▸ What you have to do: Copy the data below exactly. Any pictures in it should be omitted.

▸ Data section:
■ ■ ■ ■ ■
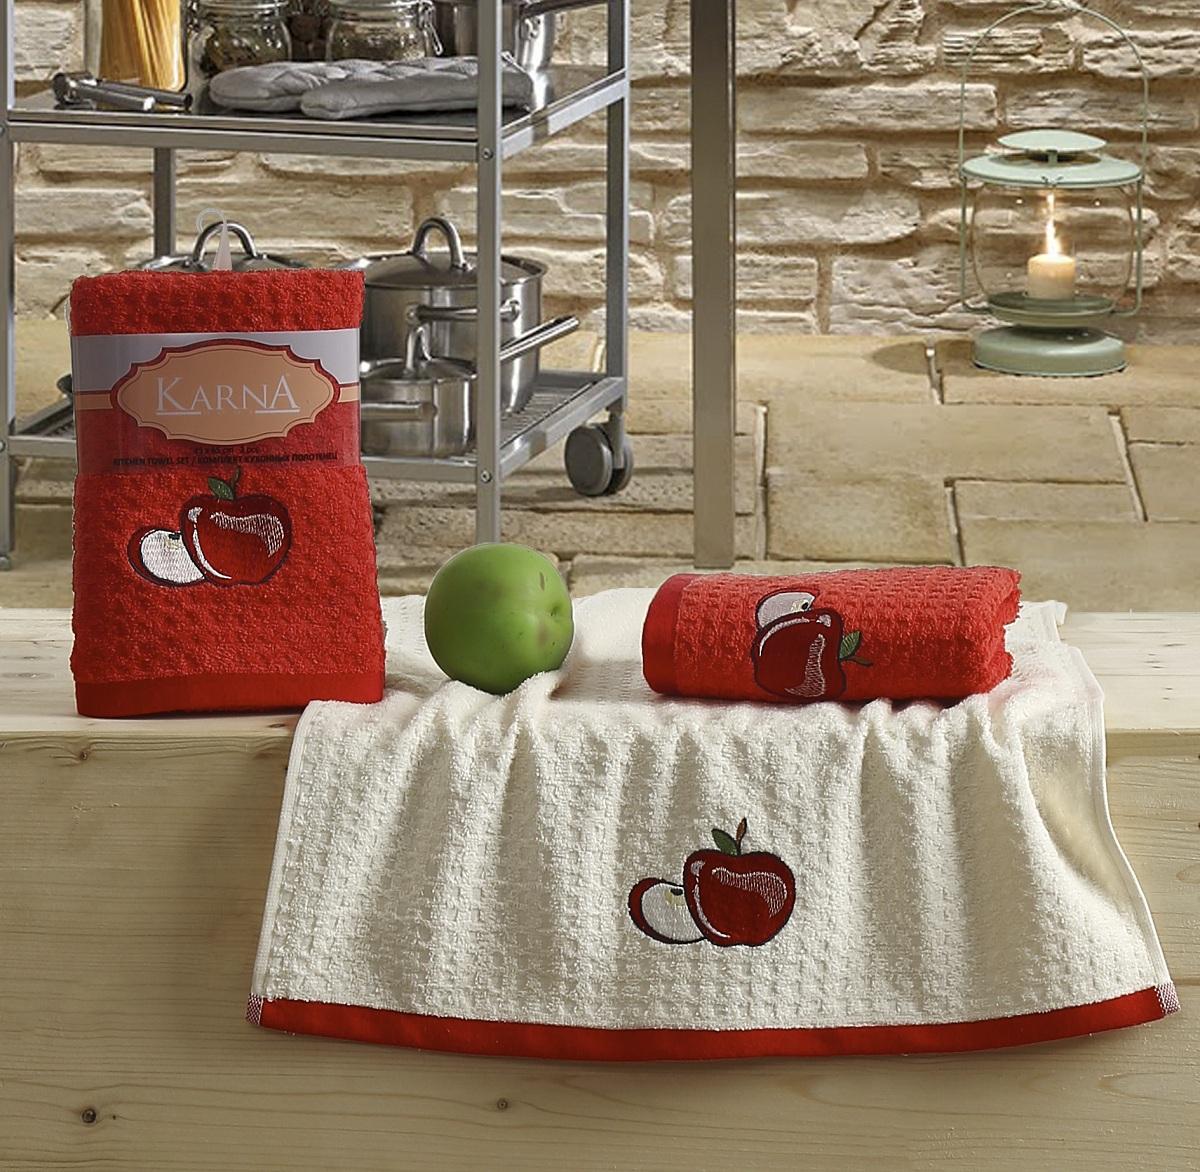 {} Karna Кухонное полотенце Lemon Цвет: Красный V1 (45х65 см - 2 шт) karna кухонное полотенце lemon цвет красный v3 45х65 см 2 шт
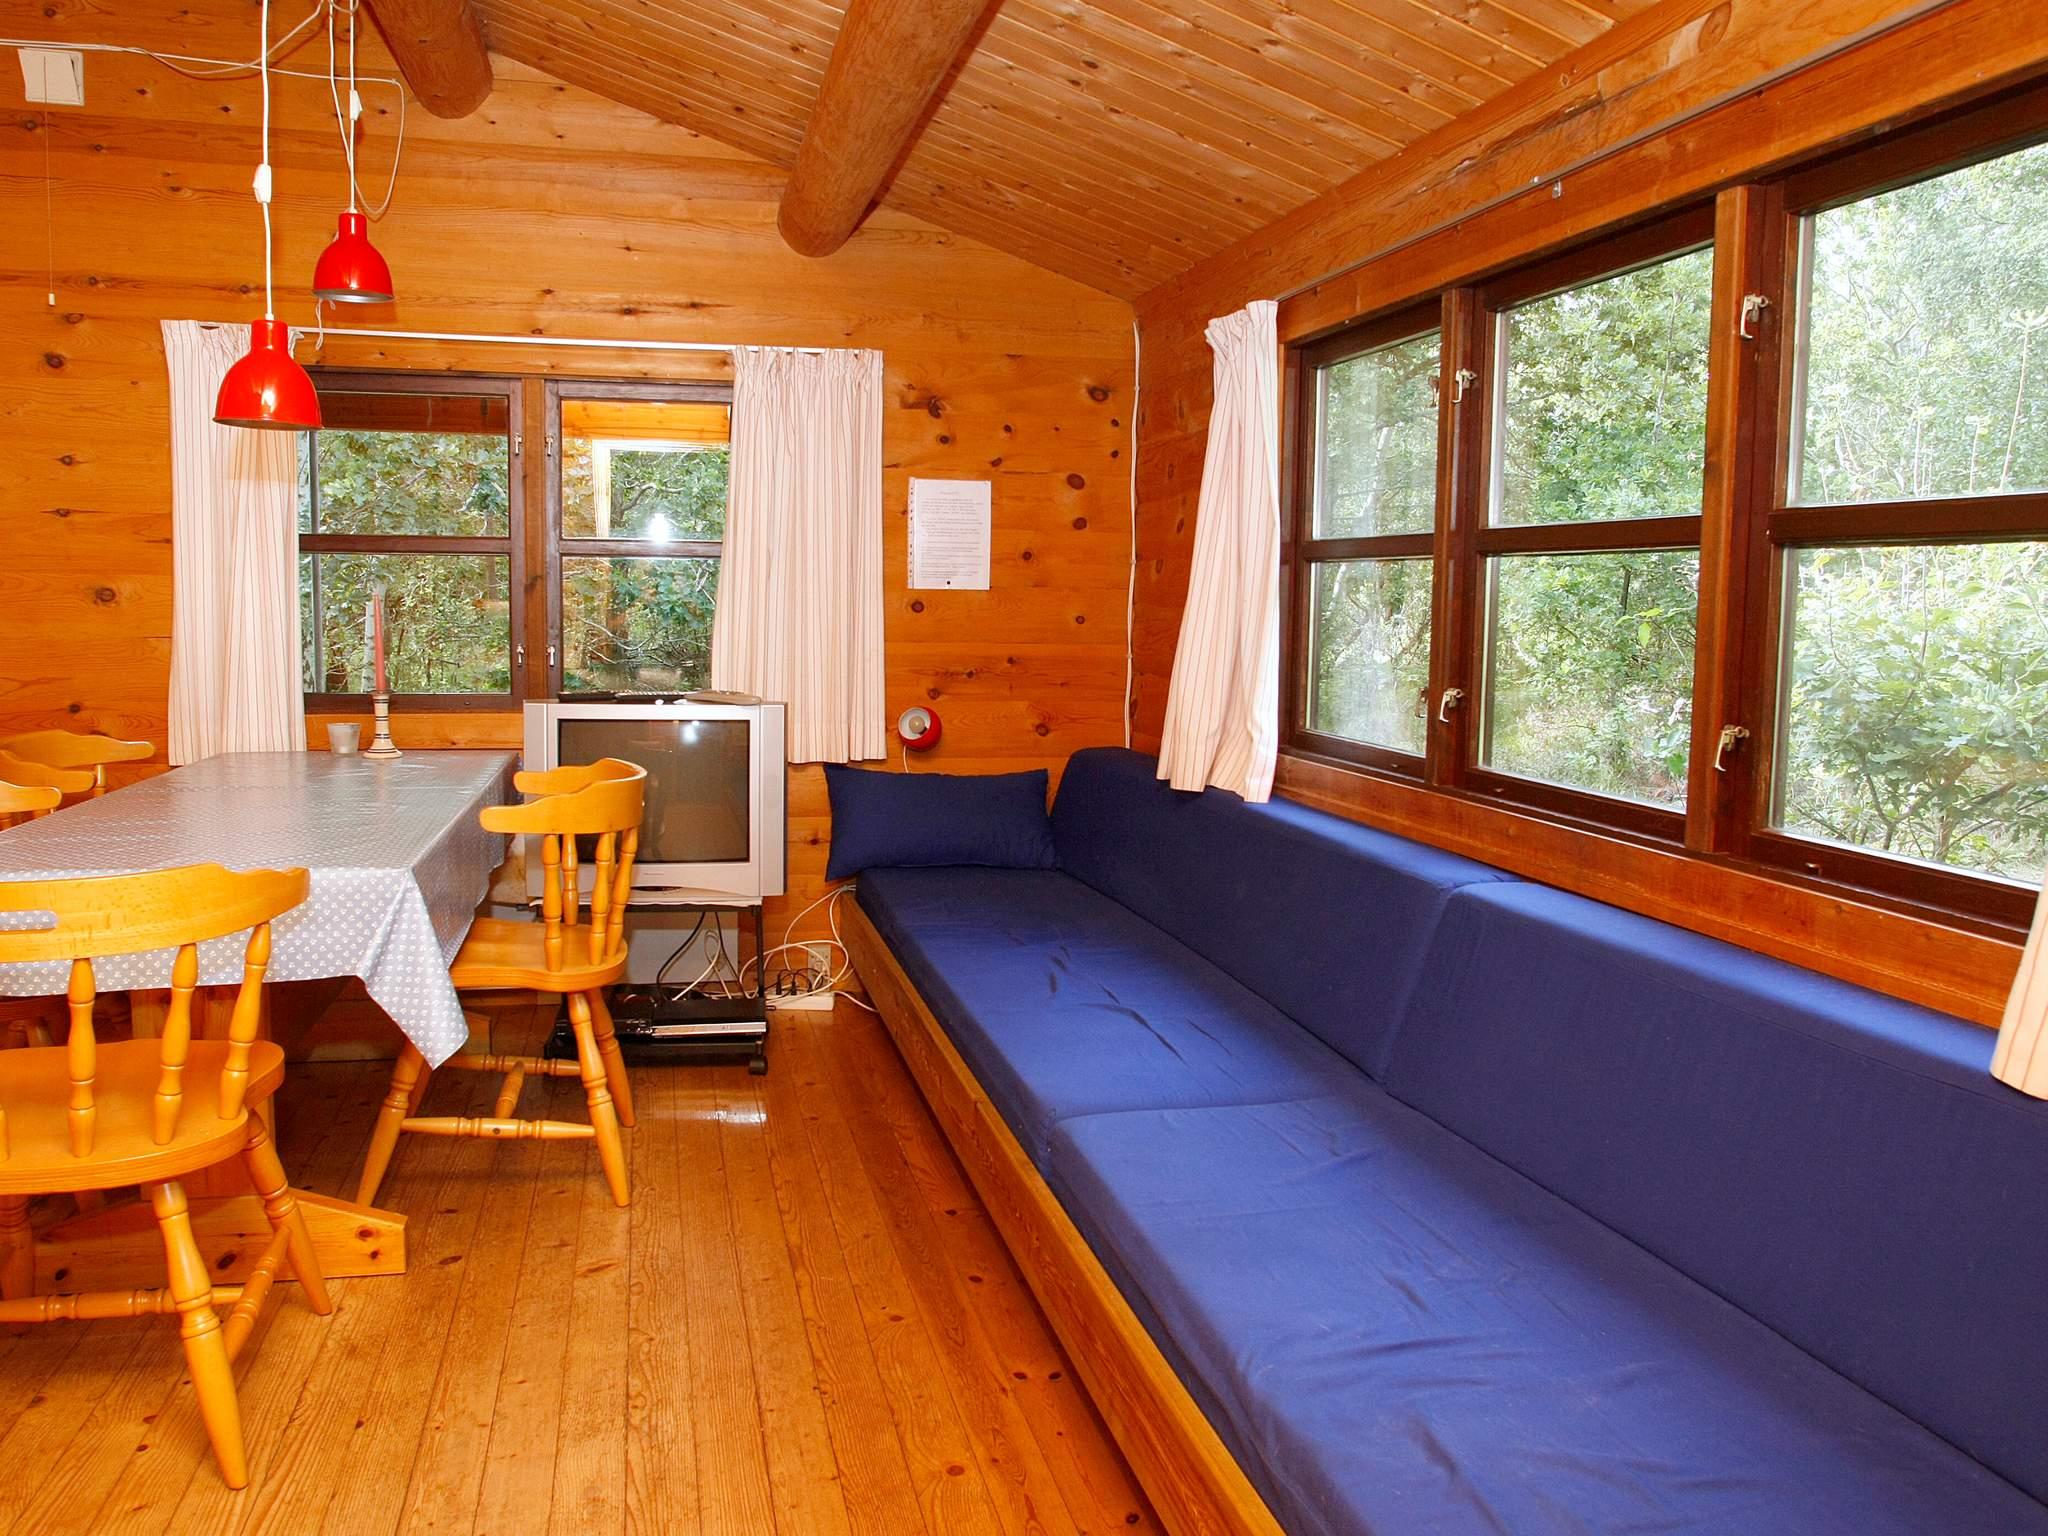 Ferienhaus Læsø/Vesterø (88190), Læsø, , Læsø, Dänemark, Bild 10
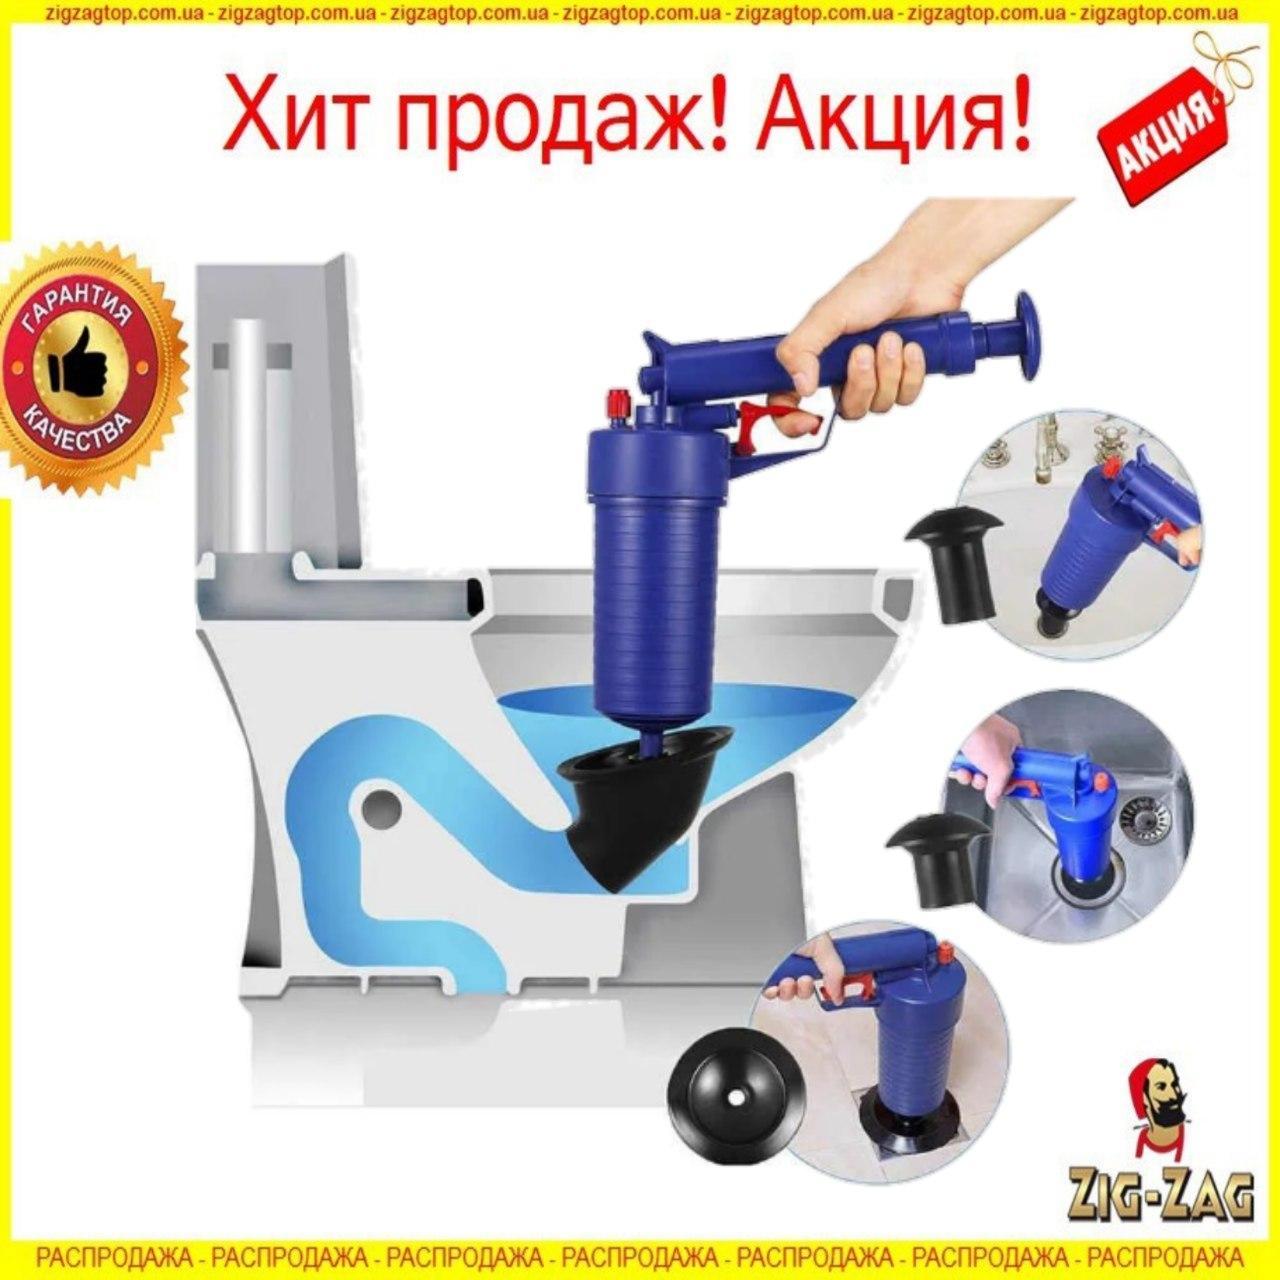 Пневматический Вантуз Toilet dredge GUN BLUE от Засора Труб, Унитаза, Ванны для Канализации, Раковины от Волос
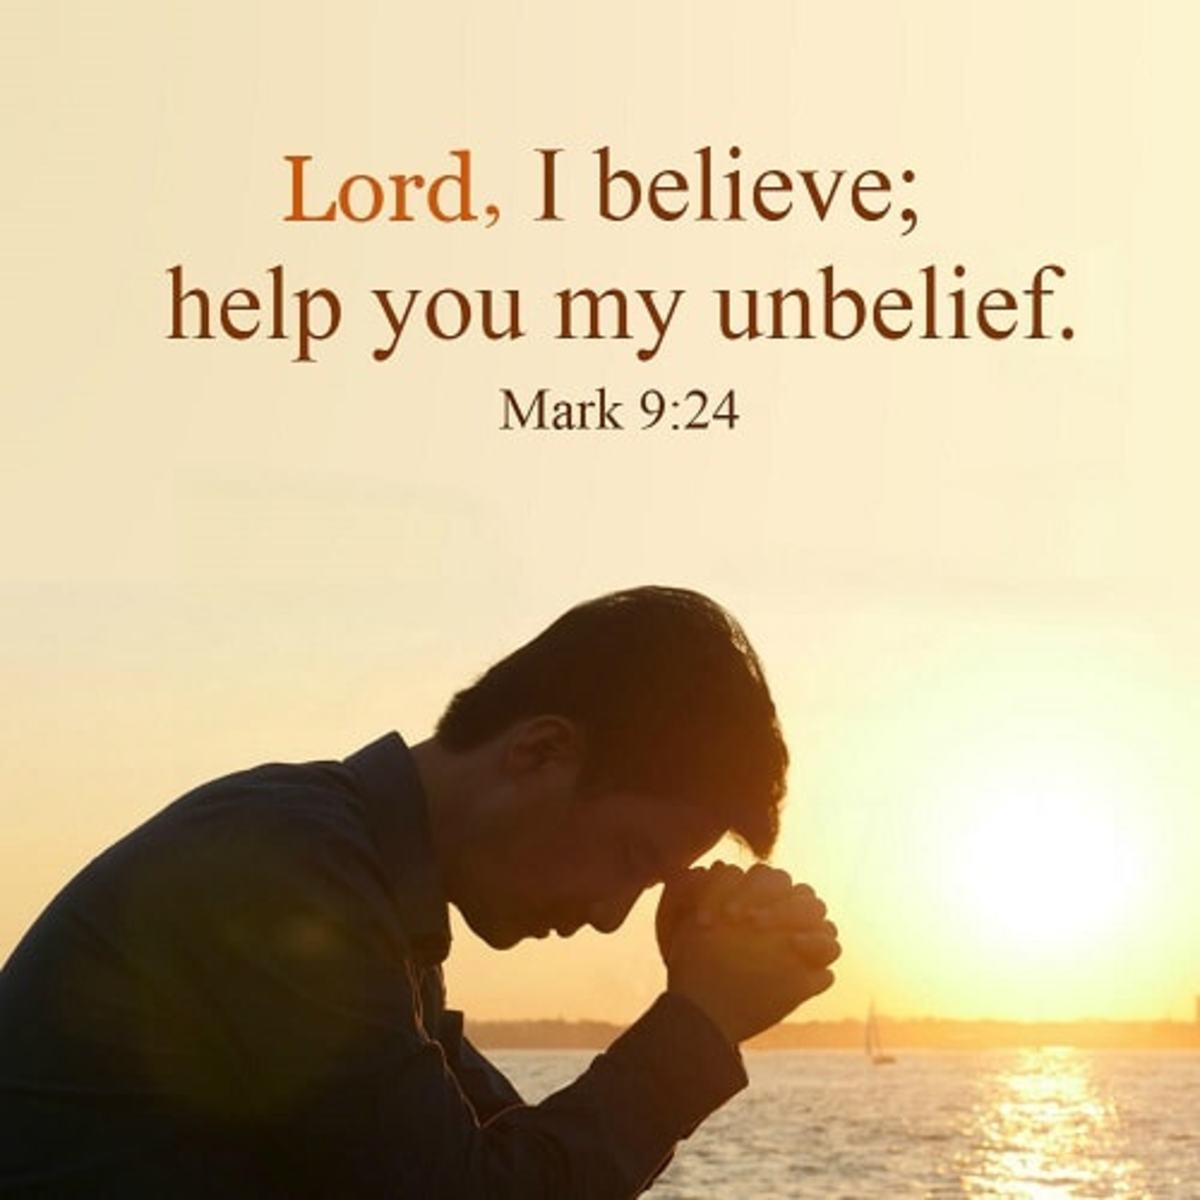 help-my-unbelief-a-study-of-mark-914-29
■ ■ ■ ■ ■
▸ Problem solution:
 {} Karna Кухонное полотенце Lemon Цвет: Красный V1 (45х65 см - 2 шт) karna кухонное полотенце lemon цвет красный v3 45х65 см 2 шт
 Ferienhaus Læsø/Vesterø (88190), Læsø, , Læsø, Dänemark, Bild 10
 Пневматический Вантуз Toilet dredge GUN BLUE от Засора Труб, Унитаза, Ванны для Канализации, Раковины от Волос
 help-my-unbelief-a-study-of-mark-914-29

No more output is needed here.